• **Provided material**:
────────
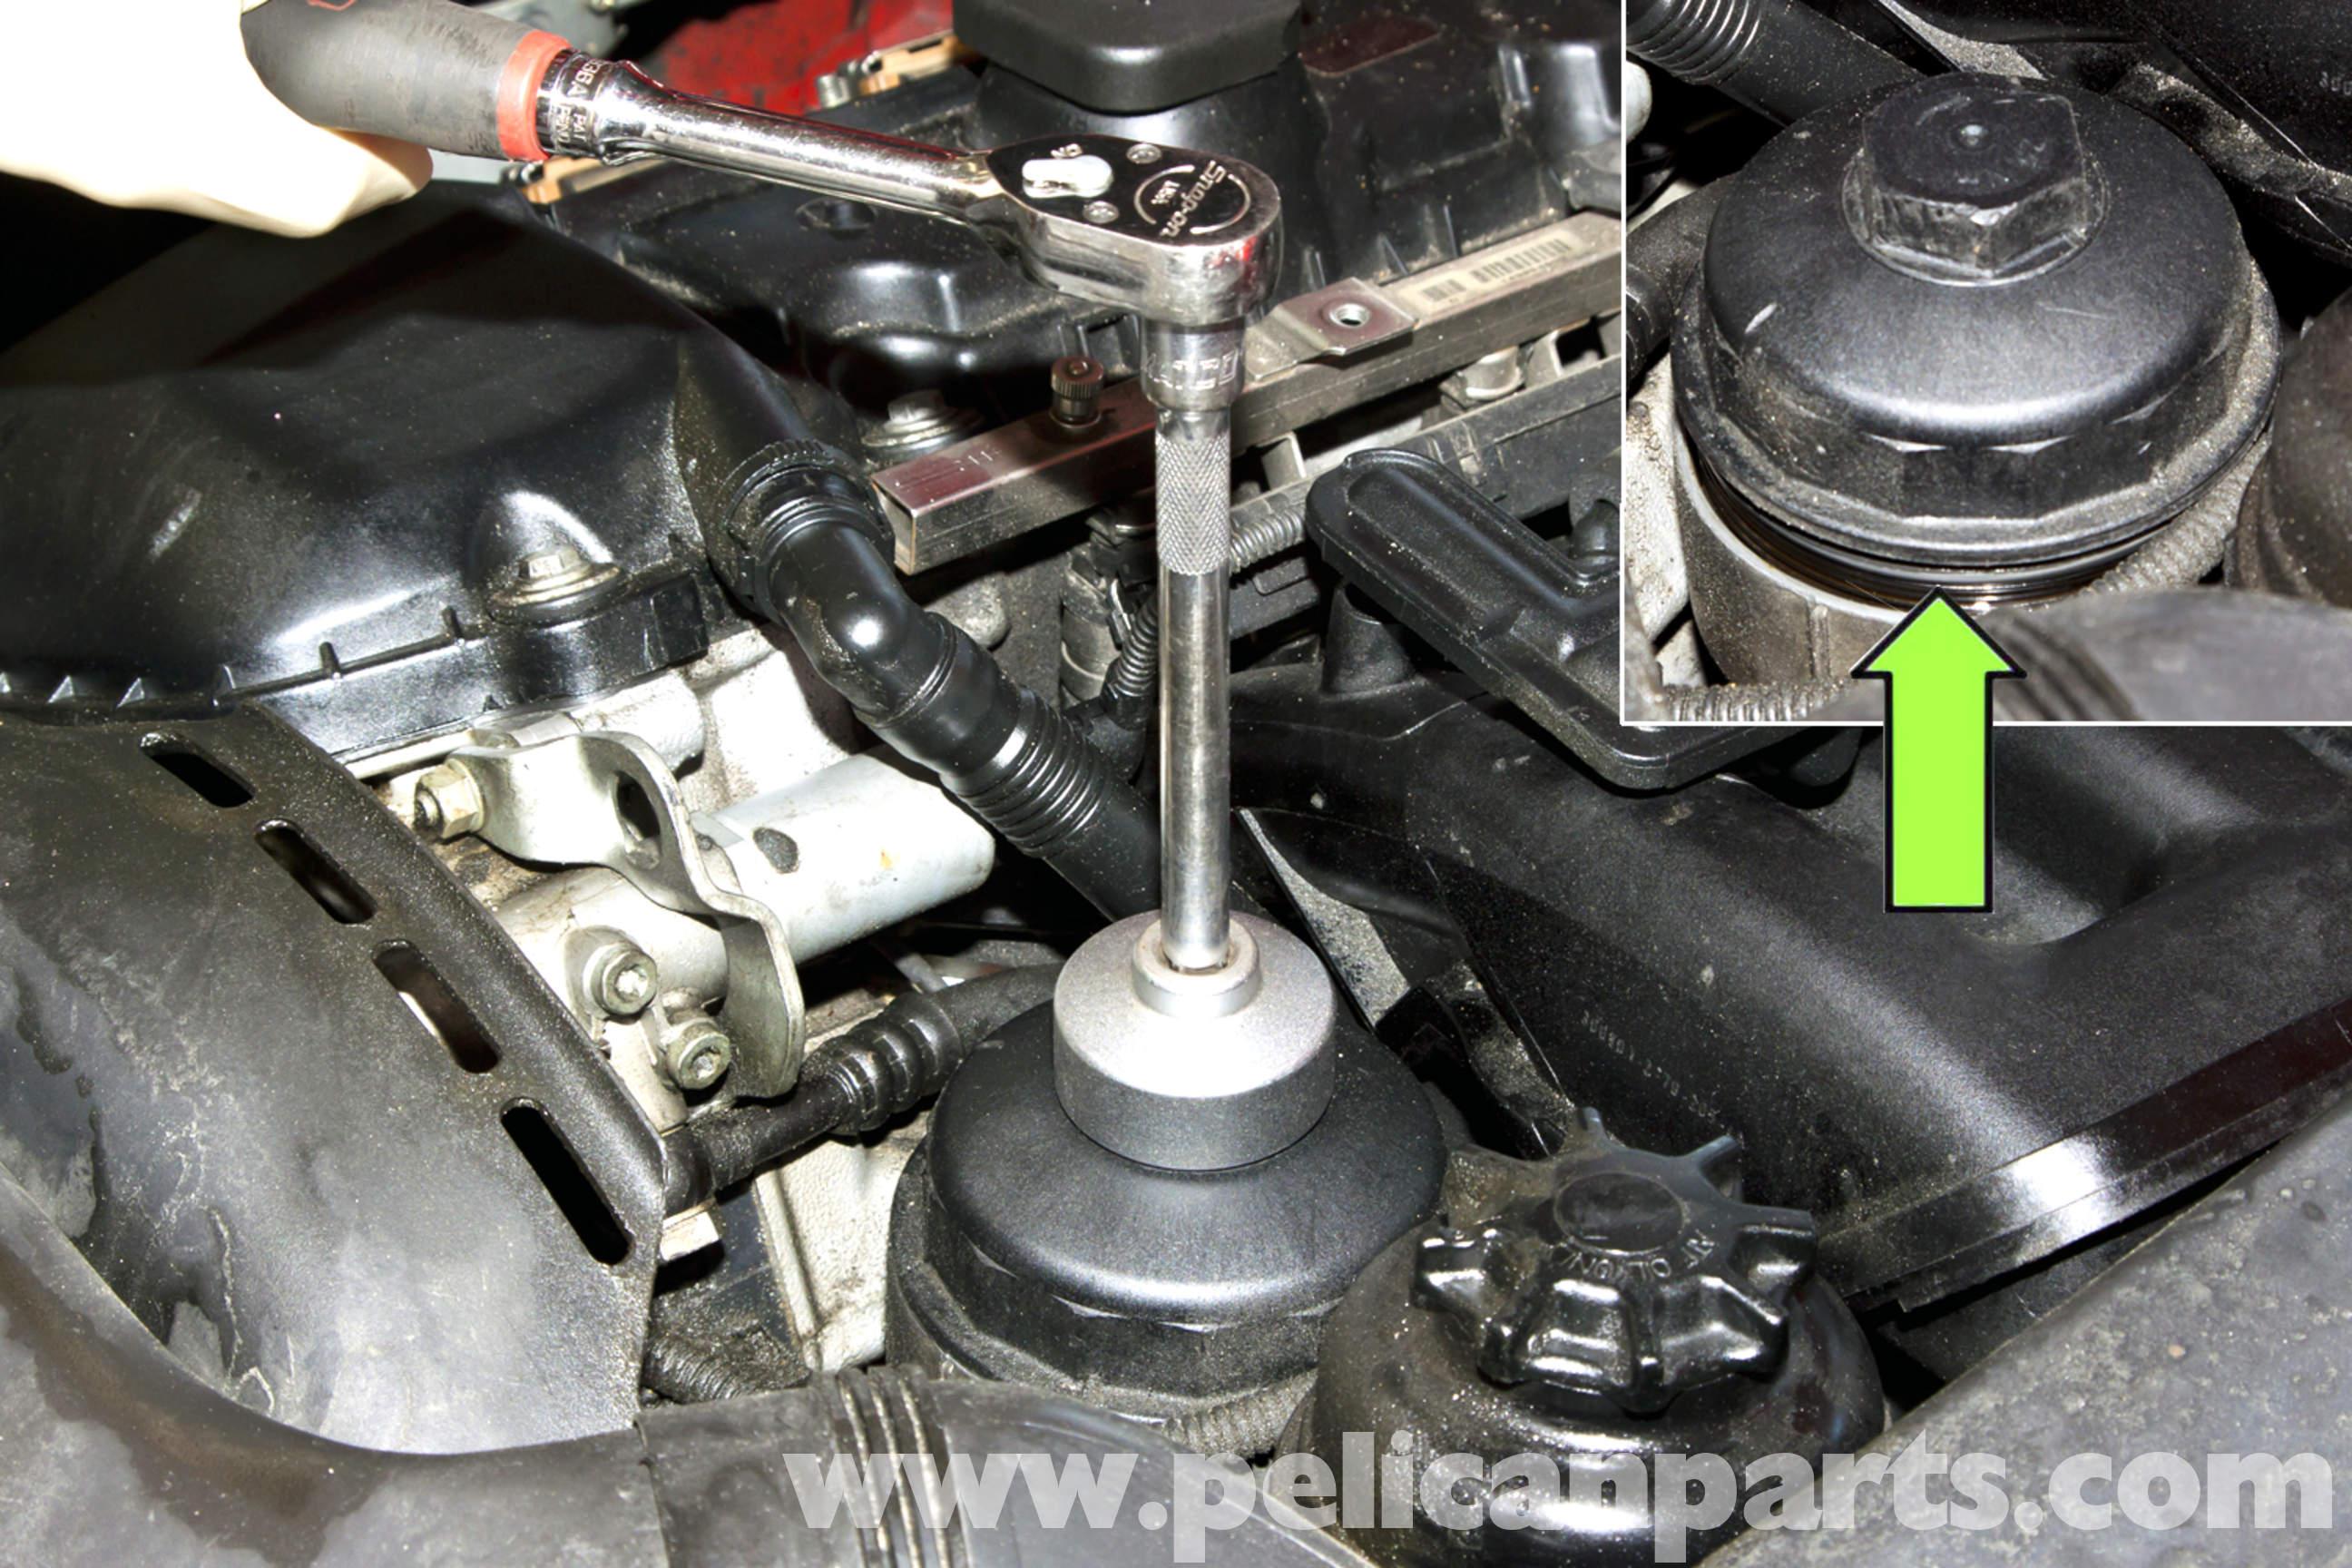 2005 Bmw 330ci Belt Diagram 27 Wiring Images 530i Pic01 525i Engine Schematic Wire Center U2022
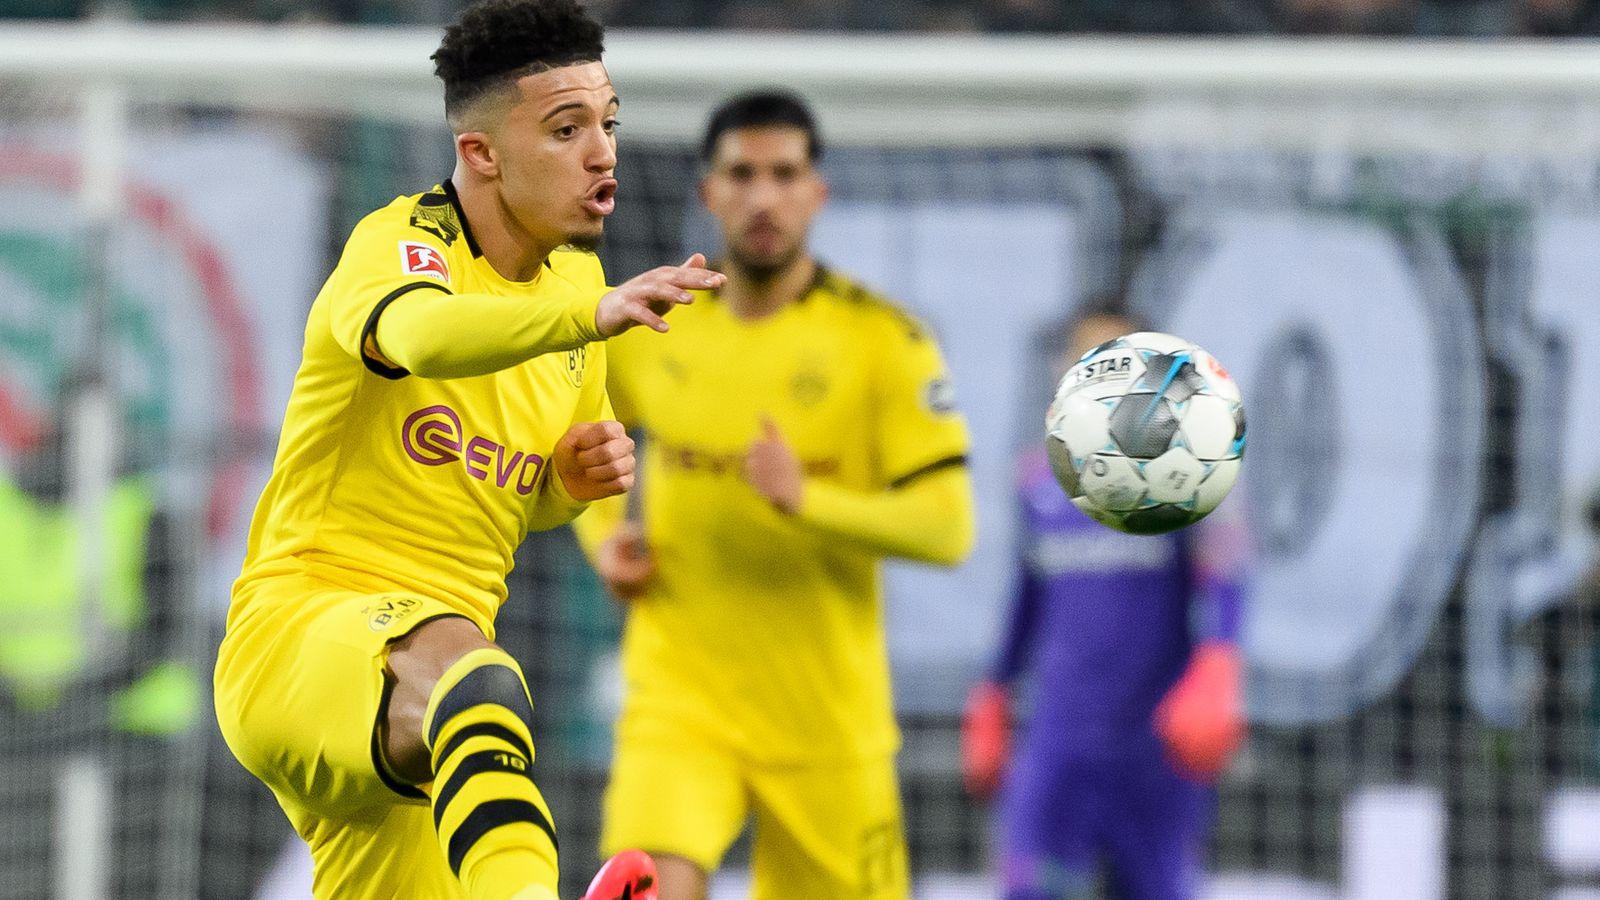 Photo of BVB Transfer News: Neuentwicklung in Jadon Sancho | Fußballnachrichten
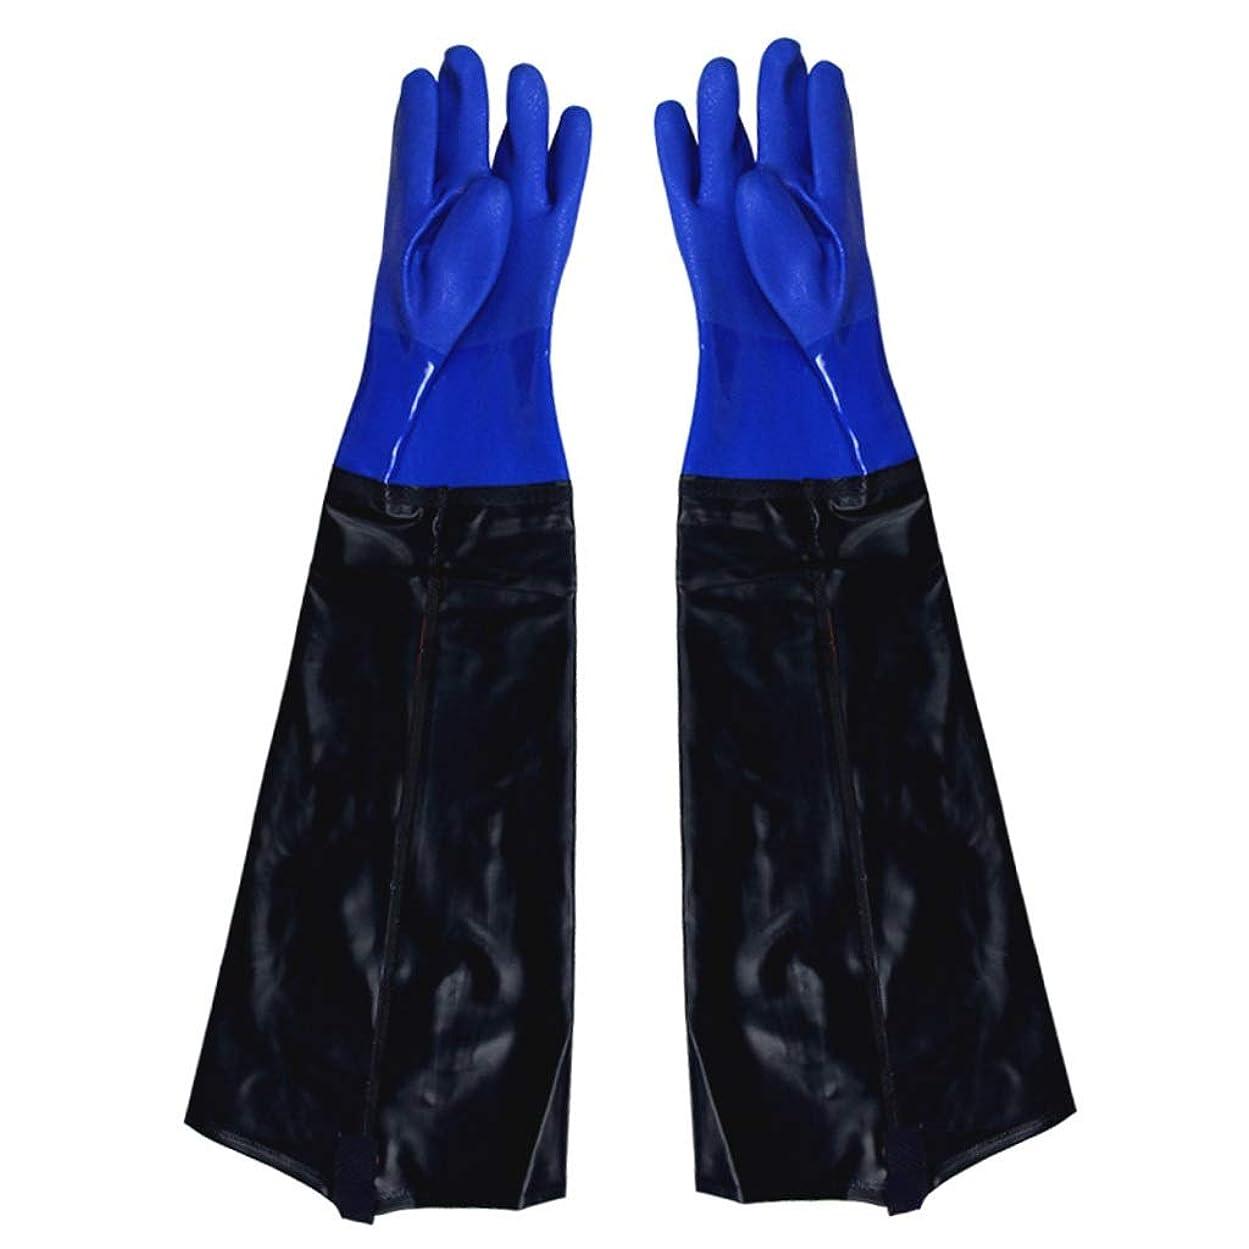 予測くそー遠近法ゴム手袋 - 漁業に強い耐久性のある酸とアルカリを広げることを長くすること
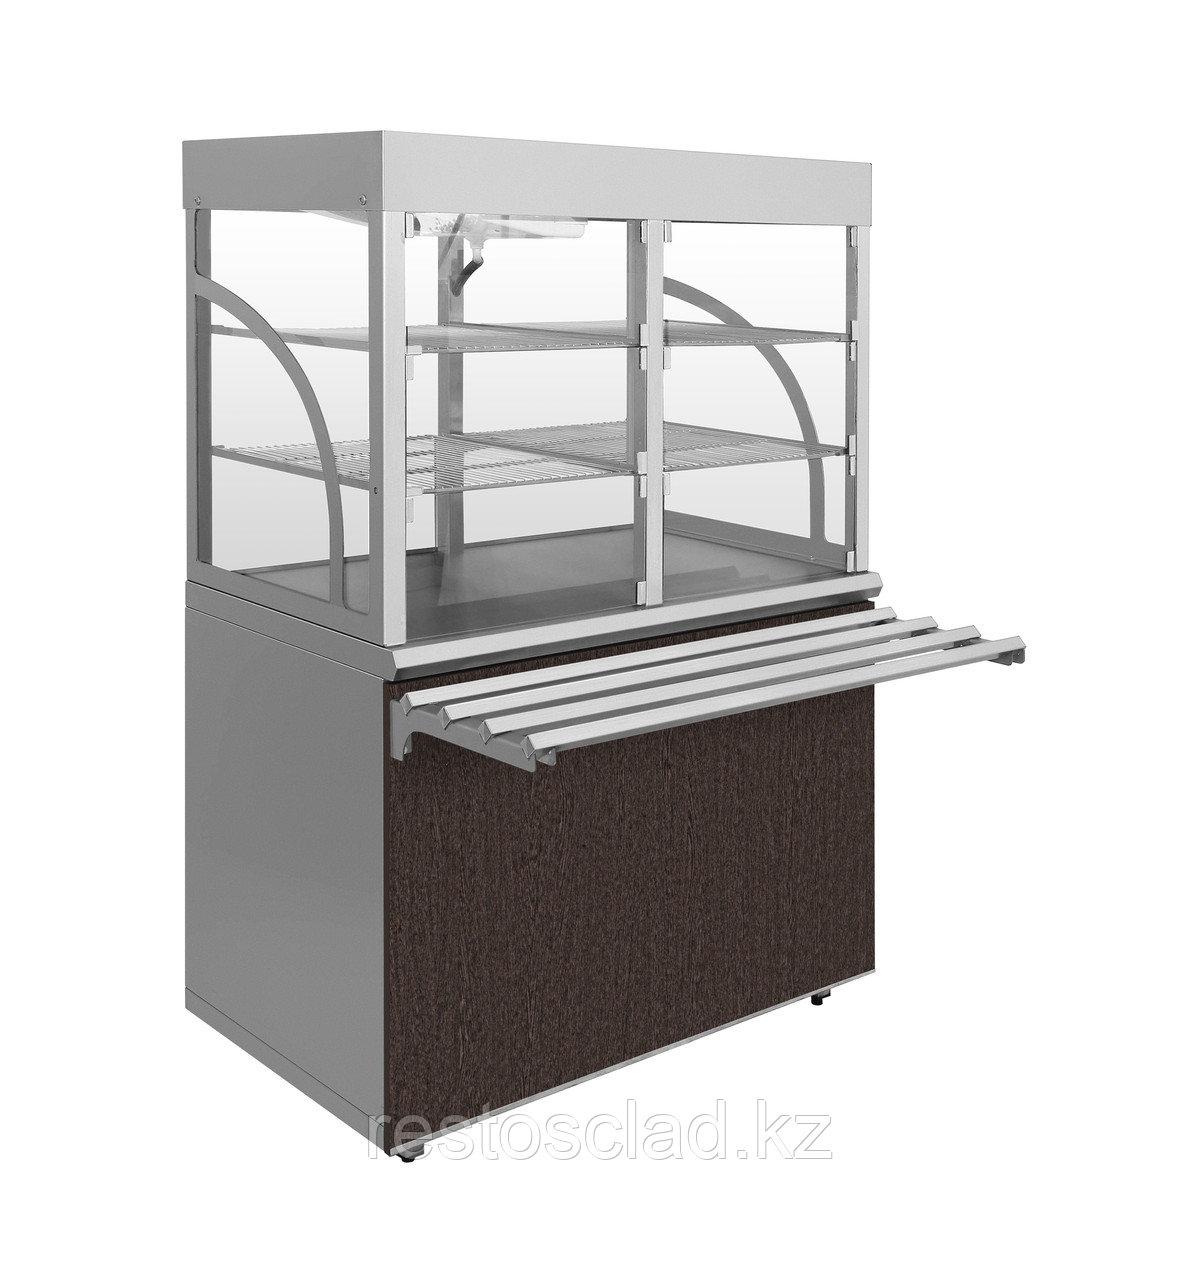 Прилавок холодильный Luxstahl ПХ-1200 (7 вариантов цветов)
────────
• **Your objective**:
Your copy should hold each line above exactly and no pictures at all.

• **Final answer**:
 2005 Bmw 330ci Belt Diagram 27 Wiring Images 530i Pic01 525i Engine Schematic Wire Center U2022
 Photo of BVB Transfer News: Neuentwicklung in Jadon Sancho | Fußballnachrichten
 予測くそー遠近法ゴム手袋 - 漁業に強い耐久性のある酸とアルカリを広げることを長くすること
 Прилавок холодильный Luxstahl ПХ-1200 (7 вариантов цветов)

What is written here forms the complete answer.